Tuesday, April 07, 2009

Clubbing and Coding

Excitement, dear readers, excitement! And outside the hospital, no less ... read on.

In a rare weekend where I had both days off, I went with some friends out of town and then to a club (you know, to read the articles). At one point while I was busy talking, I noticed a large group of people huddled around something across the room.

Automatically I assumed that the "something" was a person so I darted over, pushed my way through the crowd, and then saw a young man collapsed on the floor. Instinctively I jumped in. I didn't even know I had such instincts.

A few muscle-headed security guards were also kneeling down, but I squeezed myself between them. I went straight for the collapsed guy's neck to feel for a pulse, when one muscle head barked that I could not help if I was drunk (which I was not). Normally when a bouncer-type person yells at me I shy away, but this time I barked back that I was a doctor and could help. Immediately -- satisfyingly -- he retreated.

I continued assessing the guy and performed some simple BLS (Basic Life Support). For some reason -- perhaps in the excitement of the moment -- I cannot remember exactly what I did the next few minutes, but I do recall one of the security guards pulling out some gloves from his pocket for his own use, and me snatching it from his hand. I put it on my own, and then he surprised me by offering the other.

Initially I thought the victim had no pulse, so the guards turned to me to see if chest compressions should be started. Just as I was about to nod we tried a sternal rub. The guy immediately started groaning and then he came to. I stepped back and left him to the guards and the newly-arrived medics.

The guy was then wheeled off and hauled away to an ambulance, slurring, belligerent, and all. Good ol' alcohol intoxication.

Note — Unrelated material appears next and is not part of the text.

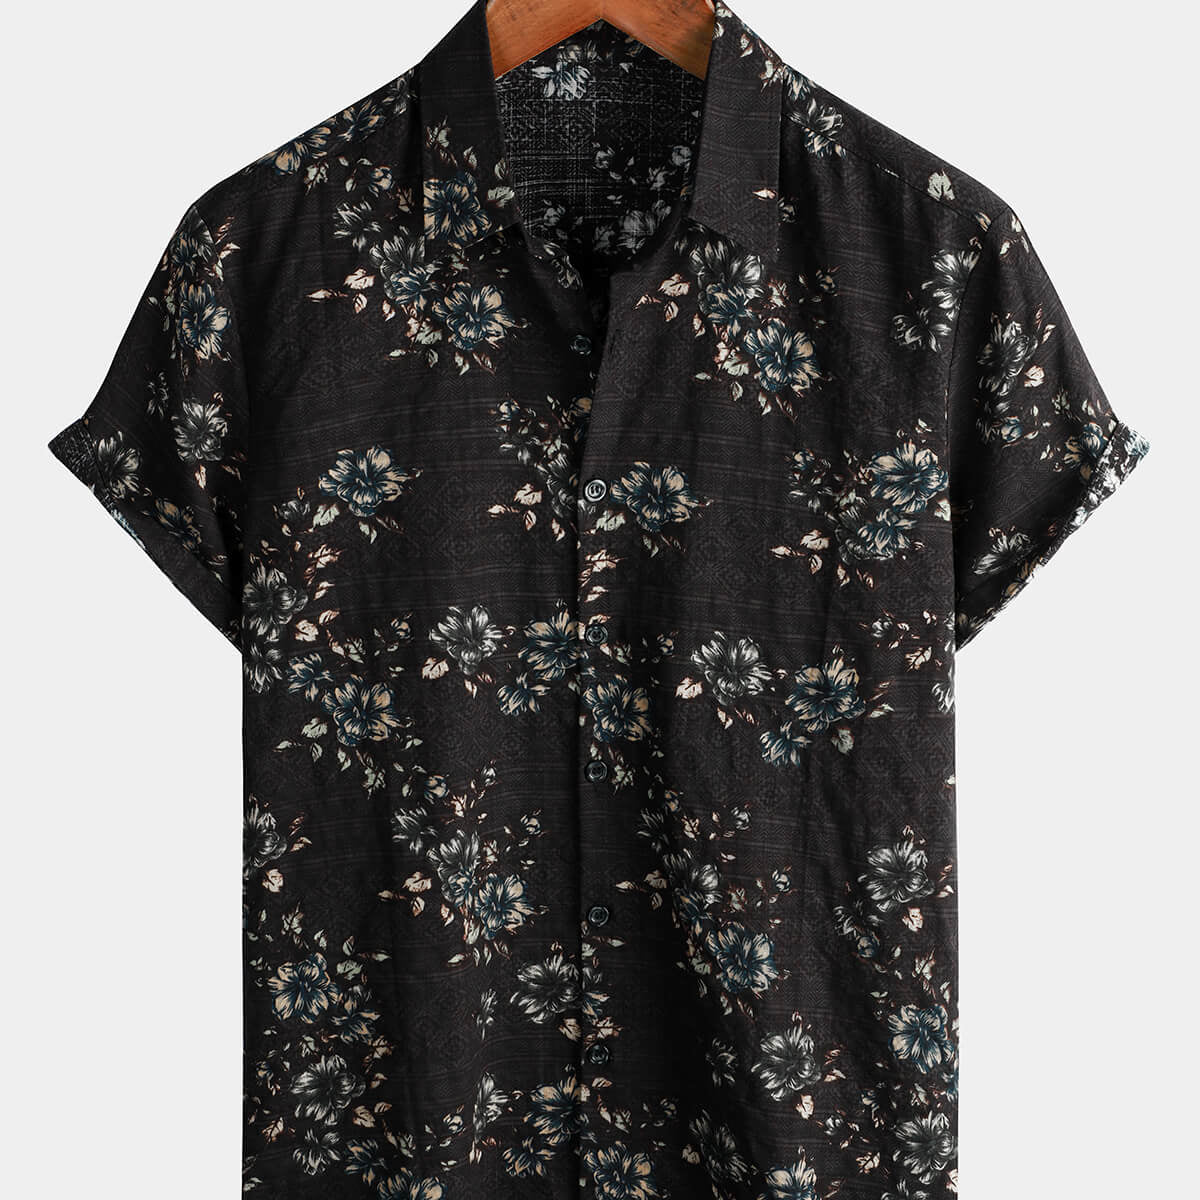 Men's Floral Cotton Short Sleeve Button Up Black Hawaiian Holiday Shirt

Any sudden and unexpected situation is an exciting one, but this scenario held special significance. Since medical school or early internship, I have had recurrent daydreams (fantasies?) where I imagine being in a public place when someone collapses, and I rush to the rescue. Whether I do this because of boredom, an overactive imagination, or a latent desire to be a hero -- in one of my dreams I order the pilot of our plane to make an emergency landing! -- this scenario has crossed my mind many times.

Sadly, when the real thing occurred, I wasn't nearly as graceful as in my dreams. In the heat of the moment I had to spend a few seconds reviewing BLS algorithms, and then later I was slightly hesitant to tell people to start chest compressions (which, as mentioned, ended up being unnecessary.) In addition, finding the victim's pulse was close to impossible with loud music pounding in the background and having multiple crowd members yell out idiotic comments does not help one's focus.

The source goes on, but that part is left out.